--- Task ---
After locating the line that contains "Gutscheinkarte, Gutschein auf" in the records below, write out exactly that line and each line after it through the one that contains "NEW AUTHENTIC キャンペーン", and nothing else.

--- Data under study ---
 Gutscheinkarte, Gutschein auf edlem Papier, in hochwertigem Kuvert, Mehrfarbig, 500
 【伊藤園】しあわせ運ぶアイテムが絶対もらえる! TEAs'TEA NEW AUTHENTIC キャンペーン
==
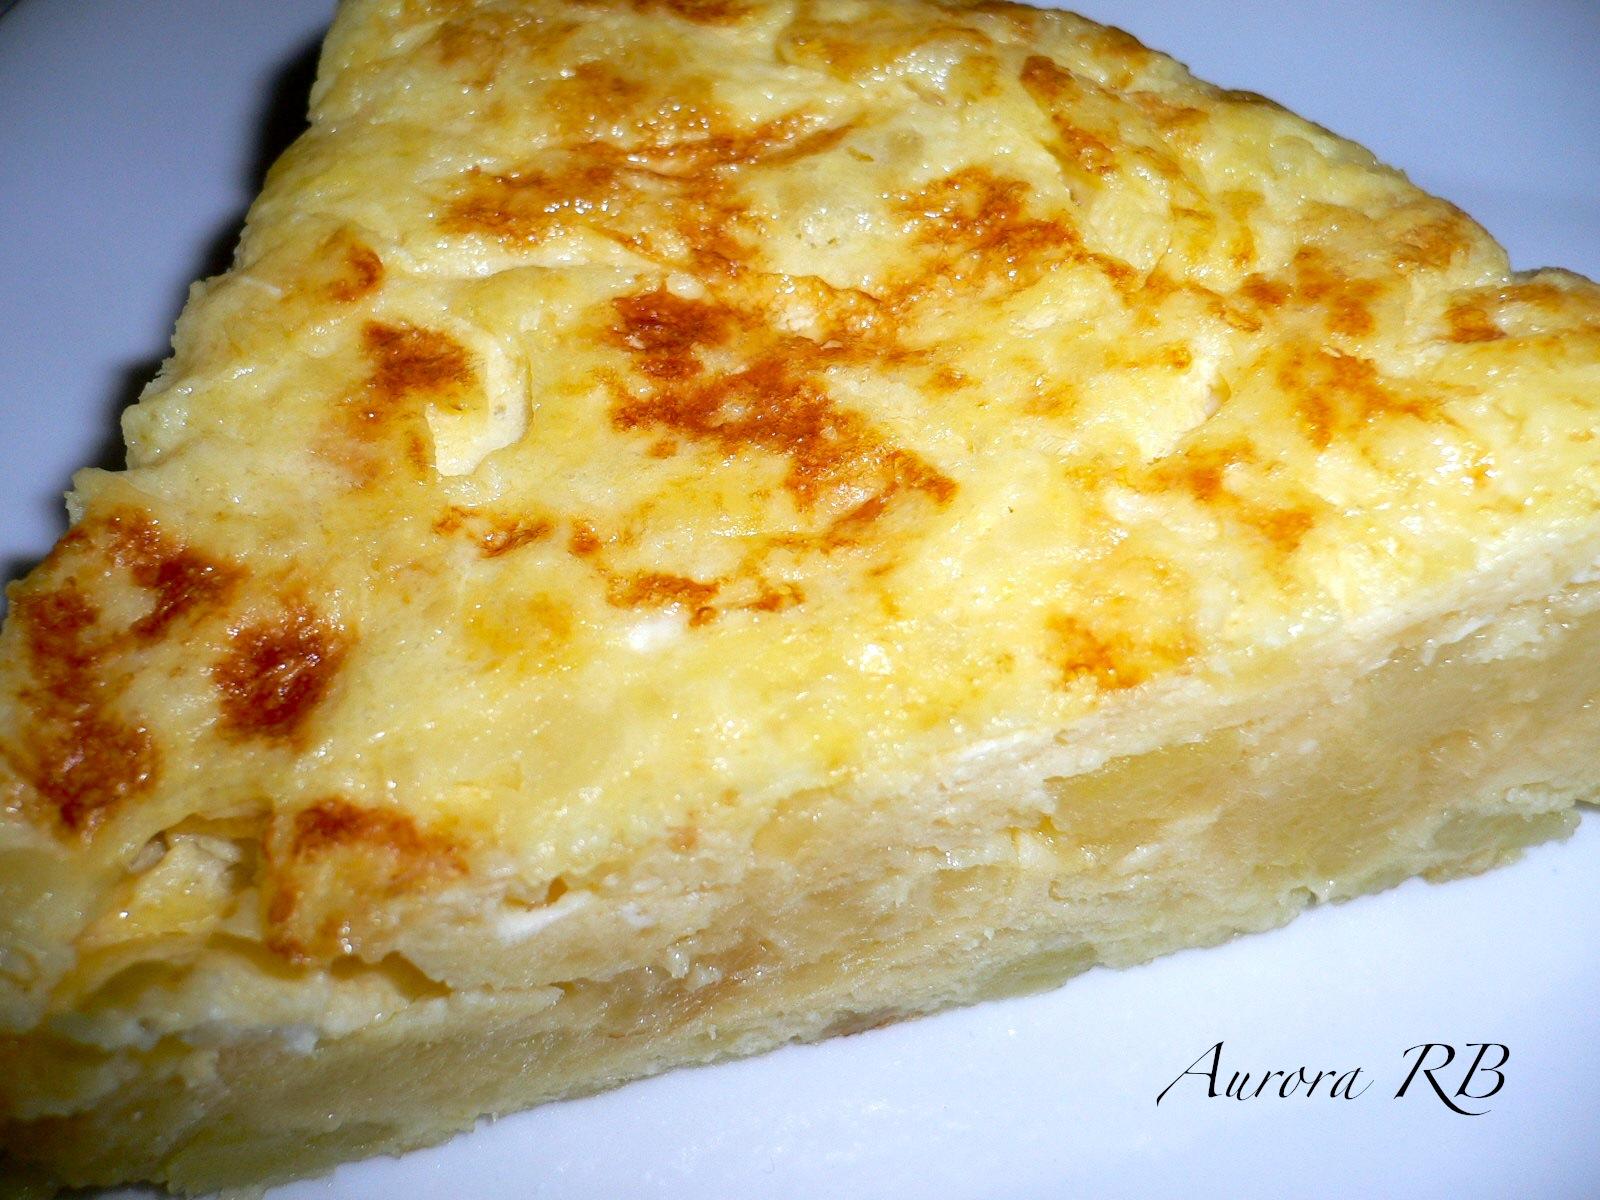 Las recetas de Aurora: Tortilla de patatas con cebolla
* * *
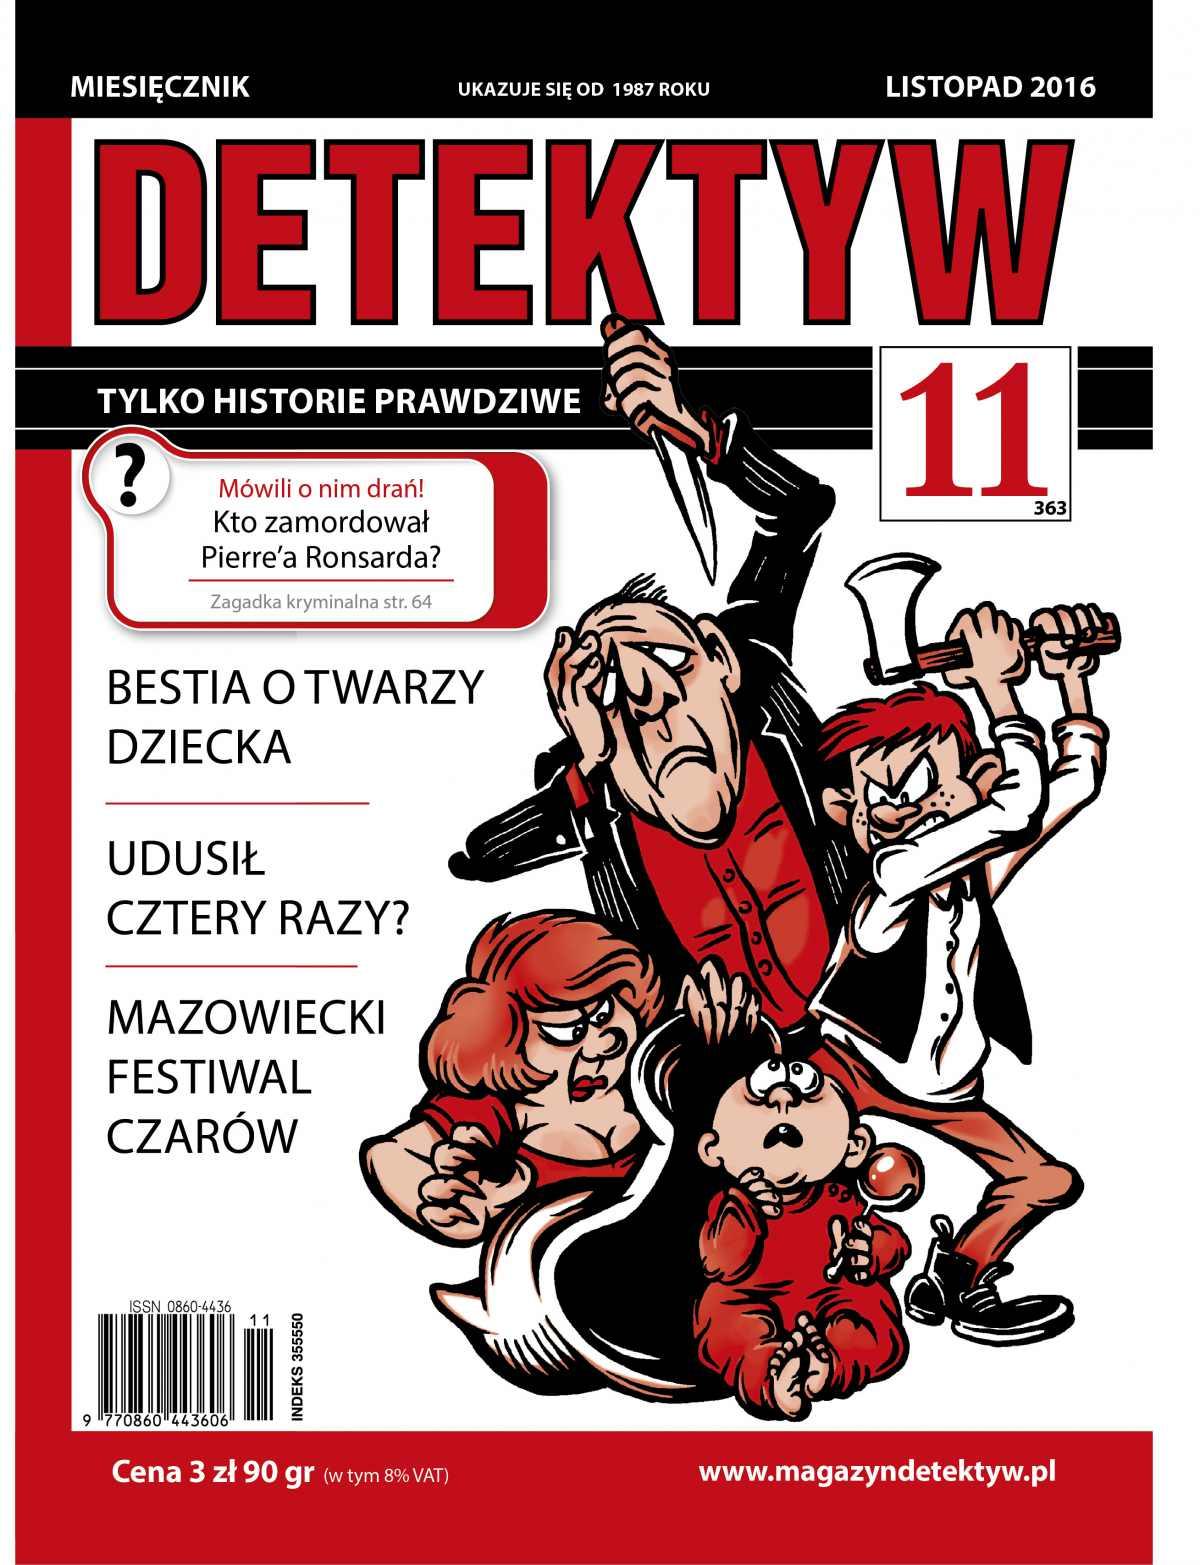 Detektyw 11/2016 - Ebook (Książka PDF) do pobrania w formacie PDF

--- Exercise output ---
 Gutscheinkarte, Gutschein auf edlem Papier, in hochwertigem Kuvert, Mehrfarbig, 500
 【伊藤園】しあわせ運ぶアイテムが絶対もらえる! TEAs'TEA NEW AUTHENTIC キャンペーン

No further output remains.